Case study: Observing fish movements around artificial reefs off Taiwan using a multibeam echosounder

Client

Dr. Shiahn-wern Shyue, National Sun Yat-sen University Taiwan

Location

Taiwan

Background

Multibeam echosounders and sonars can sample larger volumes of water than single-beam echosounders. Traditionally they have been used to map ‘swathes’ of the seafloor – hence the term ‘swath mappers’ – but are increasingly being used by bioacousticians to detect and track targets in the water column such as fish (both individuals and schools).

 

Artificial reefs off Taiwan

At the National Sun Yat-sen University in Taiwan, Echoview user Dr. Shiahn-wern Shyue used data from a Reson SeaBat 7125 multibeam echosounder (MBES) to observe fish movements around Taiwan’s artificial reefs. Reefs can provide vital habitat for ecologically and commercially important fish species, and the Taiwan Fishery Bureau has invested considerable effort towards the preservation of fishery resources by deploying numerous artificial reefs around the island (Shyue and Yang 2002).

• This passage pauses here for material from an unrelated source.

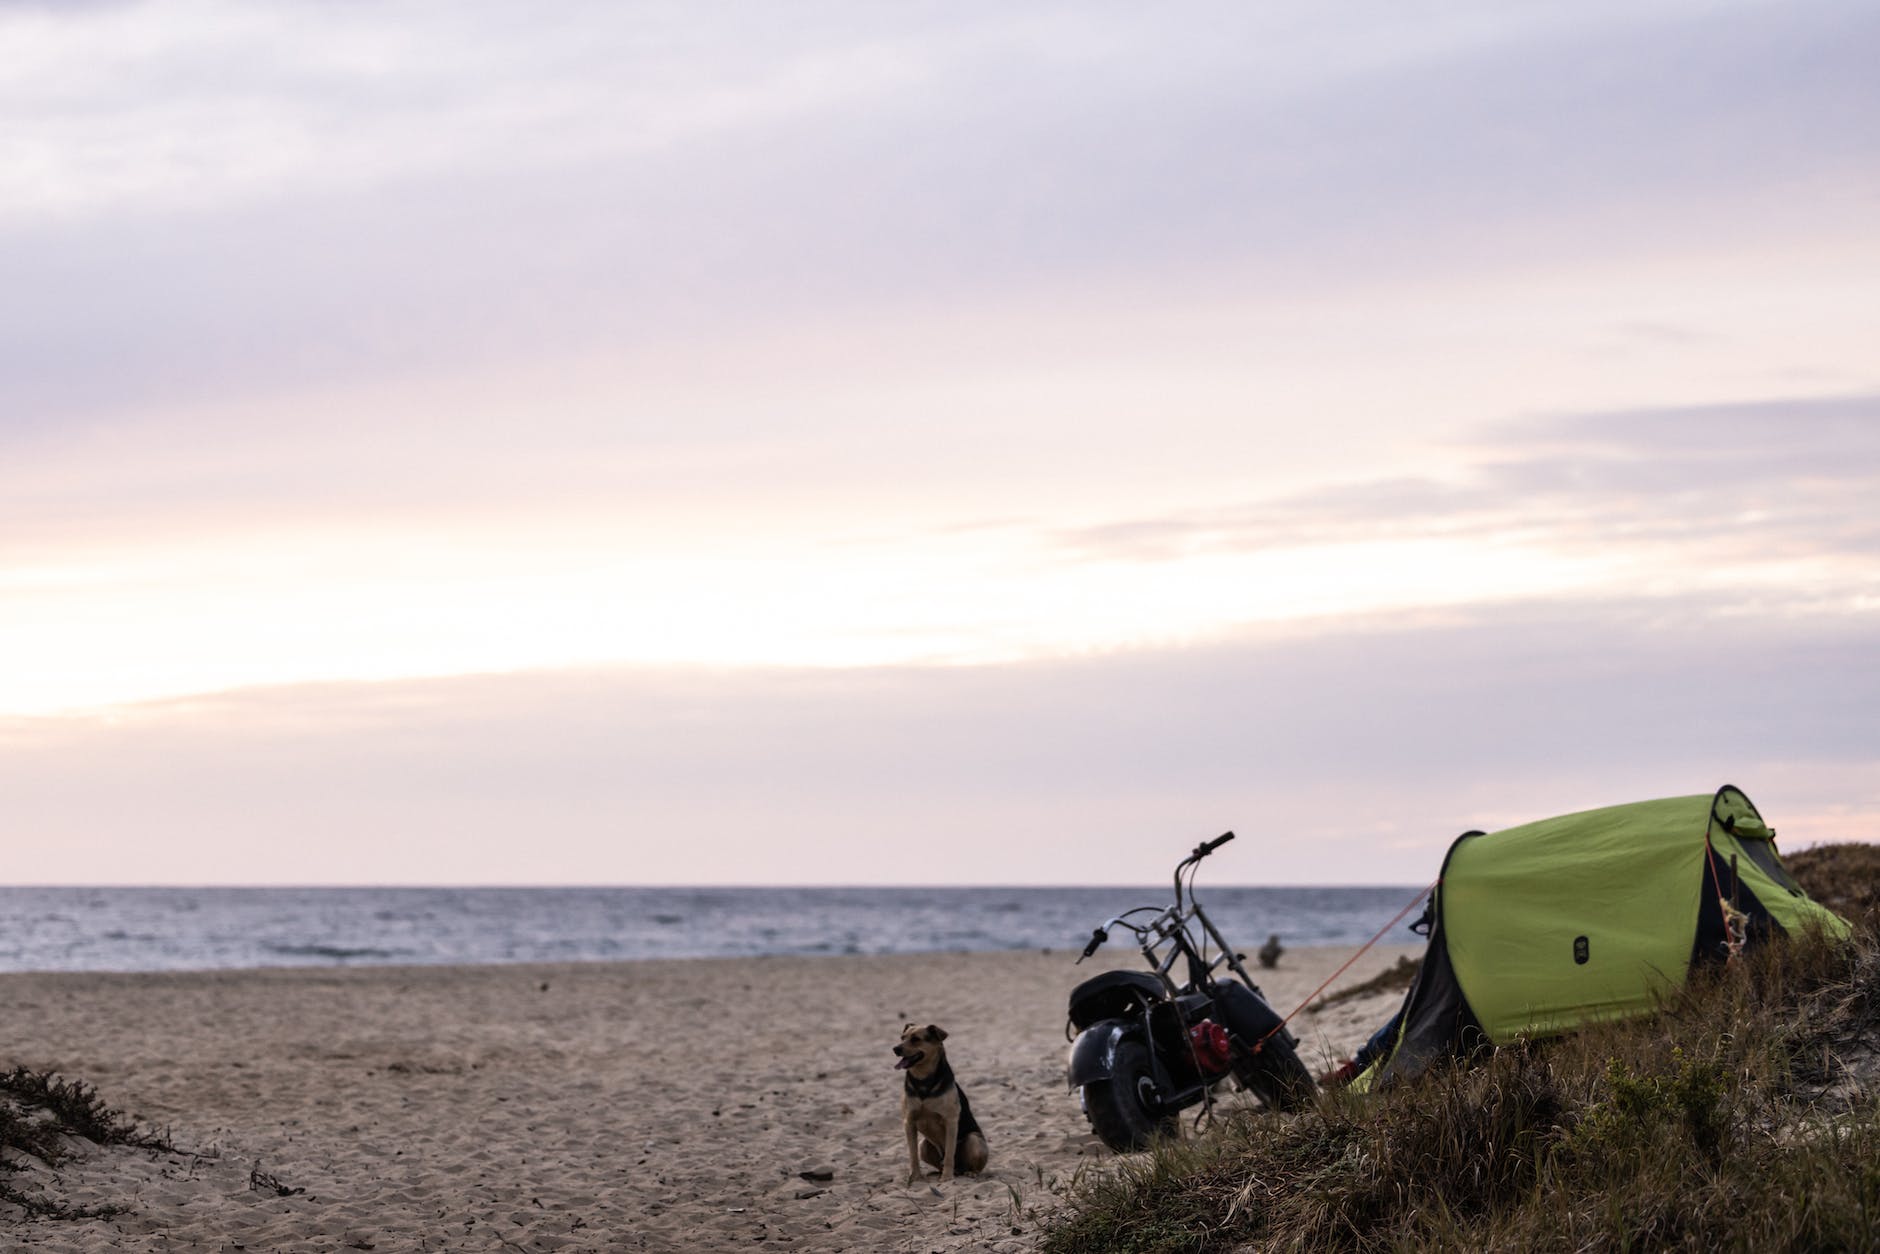 a dog sitting on the beach next to a motorcycle and a tent

Echoview Teledyne Reson sonar artificial reef fish behavior

Echoview is used to read Reson multibeam data, and has a variety of tools for exploring and manipulating data for the purposes of counting and tracking individual fish on a reef.

Multibeam data processing

The full range of Echoview’s capabilities for multibeam data processing can be leveraged to extract as much information as possible from MBES data such as this. Processing steps included:

  • Visualizing the data via echograms (by-ping and ‘stacked beams’)
  • Applying a bottom-detection algorithm for mapping the seafloor and artificial reefs
  • Removing background signal
  • Applying a target-detection algorithm to identify individual fish
  • Applying aggregation-detection algorithms to identify schools of fish and zooplankton
  • Applying a tracking algorithm to follow individual fish over time
  • Calculating an extensive range of metrics (analysis variables) for the characterization of targets, tracks and aggregations, including:
    • Number of fish
    • Geographic location of fish
    • Position of fish in the water column
    • Fish swimming direction and speed
    • Fish length
    • Aggregation dimensions
    • Bottom depth
  • Using templates and scripts for working efficiently and objectively with large volumes of data

These procedures provide a quantitative description of the distribution, relative abundance and movement of fish around Taiwan’s artificial reefs, and thereby monitor the influence of these reefs on the ecosystem.

Acknowledgements
Echoview wishes to thank Dr. Shiahn-wern Shyue of the National Sun Yat-sen University, Kaohsiung, Taiwan for permission to present this work.